Parallel Processors/Algorithms (Summary)

A. Parsons mbpcr at s-crim1.dl.ac.uk
Thu May 6 06:03:24 EST 1993


NetFolk,

Well all threads on my original post on parallel architectures in database
similarity searching have all but dried up.

Here is the summary (LONG = 1500 lines) including some related threads and
earlier comms I had with other folk.  It also features the controversial
Intelligenetics survey on BLAZE. 

My overall opinion is that generally people feel that using an implementation
of the S&W algorithm is:

(a) valuable
(b) delivers better quality results.
(c) the only real practicable way of implemeting S & W in a realistic timeframe
    is to use massively parallel hardware. (mpsrch and BLAZE).

This is only my impression others may come away with different ones.  PVM is an
interesting idea but given a greenfield site (we dont have lots of Unix
workstations networked - much less any with too many spare cycles) I think that
massively parallel is the way to go.  The speed aspect may be important but I
think it is the quality argument that wins the day (see Chris Uptons posts). 

Hope you find this valuable/useful/helpful and not too much of a waste of
network bandwidth.

Many thanks to all who replied!

Tony Parsons

 +----------------------------------------------------------------------------+
 | Dr.Tony Parsons,			VOX   : + 44 304 616871	              |
 | Information Technology,		FAX   : + 44 304 616670               |
 | Pfizer Central Research,				 		      |
 | Ramsgate Road,  +----------------------   e-mail   ------------------------+
 | Sandwich,       |JANET      : parsons_a at uk.co.pcr.snd01                    |
 | KENT	           |Internet   : parsons_a at snd01.pcr.co.uk	       	      |
 | CT13 9NJ UK	   |Compuserve : 100064,765    PSImail:234216700127.parsons_a |
 +-----------------+----------------------------------------------------------+

begin ;--------------------------------------------------------------------------------

From: S S Sturrock <sss at uk.ac.ed.castle>
Early Correspondence from Shane Sturrock (author of Mpsrch)

Well, MPsrch will arrive on a MasPar at Harrow (HGMP-RC) probably in the
next week or so, they will also be evaluating BLAZE.  The EMBL installation
is waiting on good network connections and an upgrade of the OS on their
machine since that MasPar was supplied by DEC.

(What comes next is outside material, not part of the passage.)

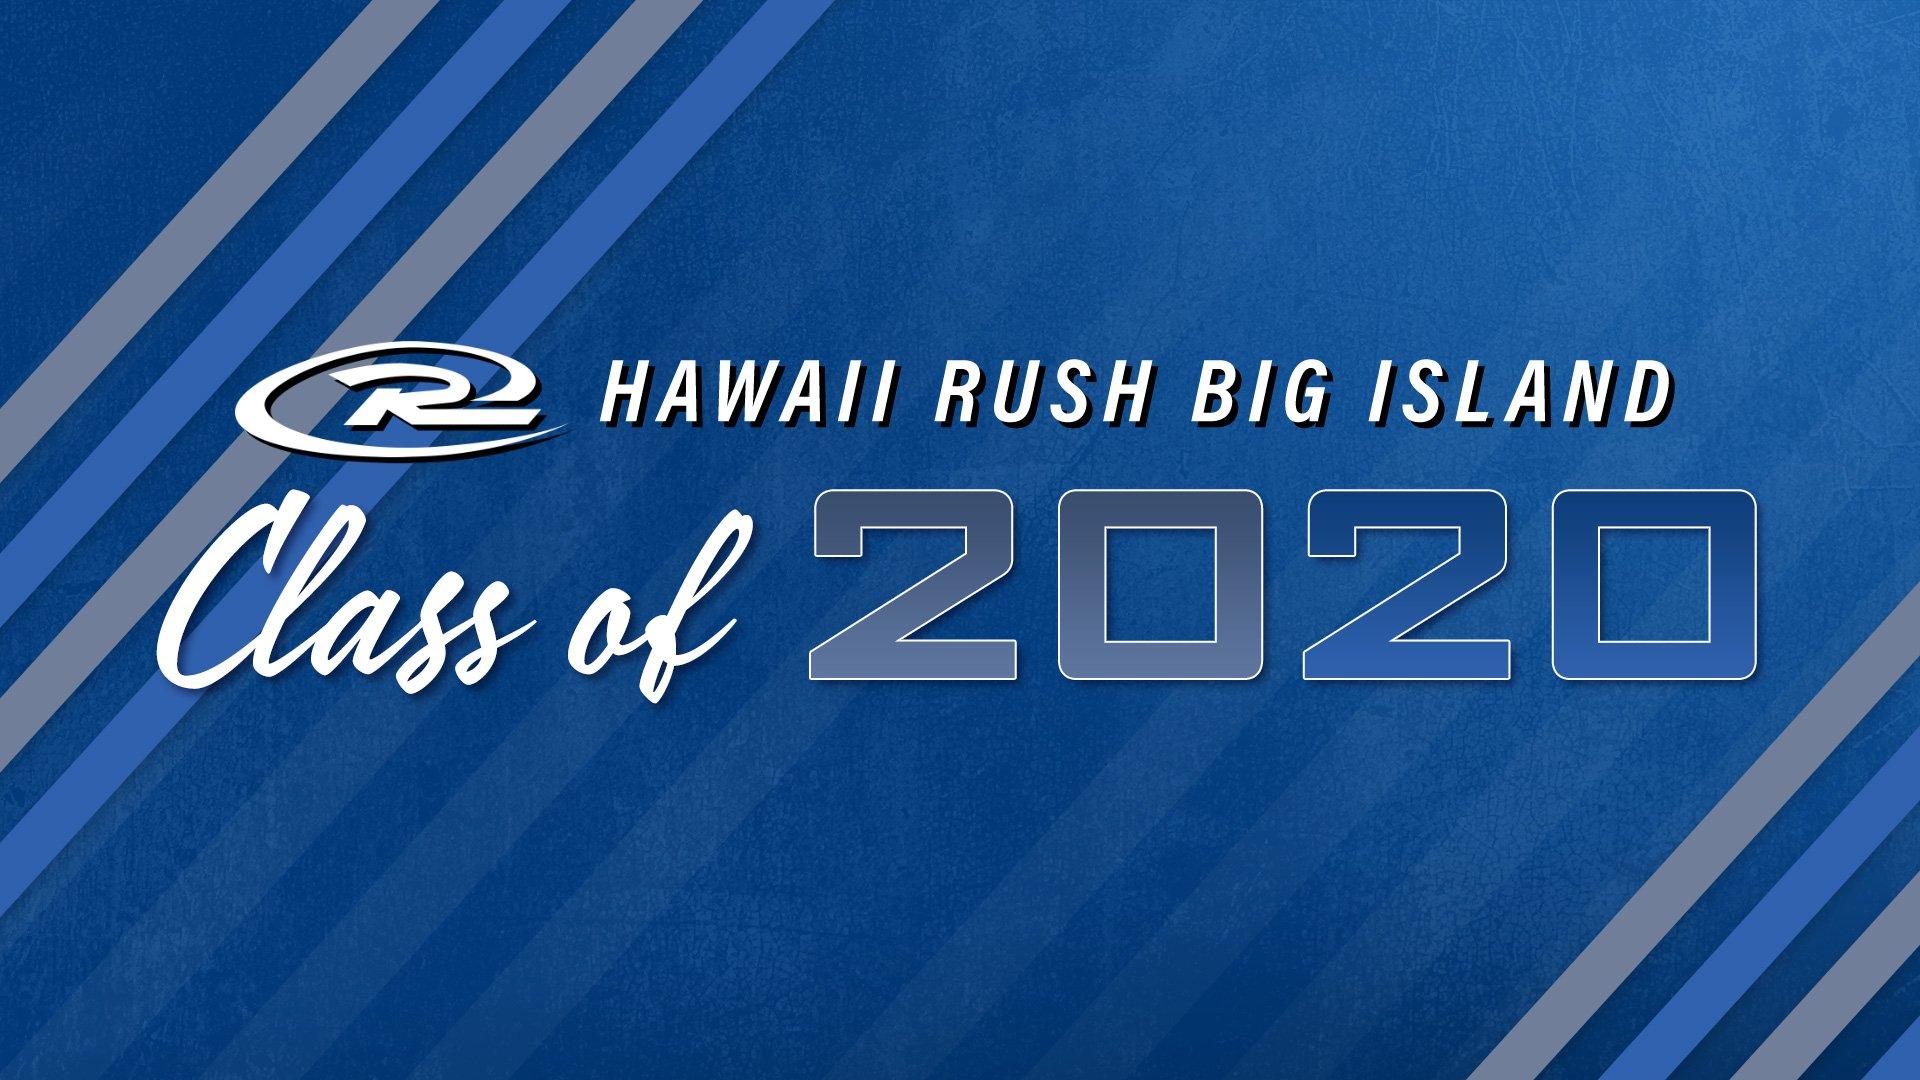 Hawaii Rush Big Island Senior Class of 2020

Performance wise, MPsrch is about two and a bit times quicker, performance
of BLAZE is about 55 million cell updates a second compared with 130
million on MPsrch.  More to the point though, although BLAZE is a Smith
Waterman on the MasPar the reconstruction is by FASTDB, a word based method
which is supposedly fast but does not guarantee to get the same alignment
as the MasPar, certainly the scores would not agree, the score is the one
reported by the S/W algorithm, the alignment is FASTDB.  On MPsrch, the
reconstruction is also by full S/W and still manages to be about 10x
quicker than the FASTDB method used on BLAZE, plus the score will agree
because the algorithm is the same.  Further, I have introduced the concept
of gaps where a gap may be one or many indels thus giving the clumping
effect of affine gaps by a simple modification to the S/W algorithm for
reconstruction, this is because many paths may give the same score but
generally it is best to pick the one with least gaps (although the same
number of indels).  We still have a single penalty though since having
affine gaps increases the complexity though we will introduce them if
anyone feels they will be an advantage over the route I have chosen.

eg:

With DNA in particular -

Standard algorithm:

      ******        *  * * *   ************
      acttatattcctctatattggatgatgctggtctgat
      acttct--------a--t-g-a---tgctggtctgat

MPsrch:

      ********               **************
      acttatattcctctatattggatgatgctggtctgat
      acttctat---------------gatgctggtctgat

These two score identically but the second is obviously the best alignment
because it only has one gap rather than the five of the standard method.
--------------------------------------------------------------------------------
From: S S Sturrock <sss at uk.ac.ed.castle>

What you may be interested in is that the smallest MasPar machine is now
only 55K pounds including the workstation host, this gives you a 1024
processor MasPar box with MP1 processors, upgradable to 4096 processors,
either MP1 or MP2 (which would give over 26000 mips + 6 gigaflops) without
the need to change anything else, just a simple board swap.  MPsrch will
run on this set up, we have discussed the possibility of a package deal too
so that may be something to interest you.  At these prices it seems crazy
to go for anything else, and on the minimum configuration you will still
get 40 million cell updates a second at the moment, but should be much more
after I come back from California, basically you will get better
performance than BLAZE on a far cheaper machine.  Too good to be true?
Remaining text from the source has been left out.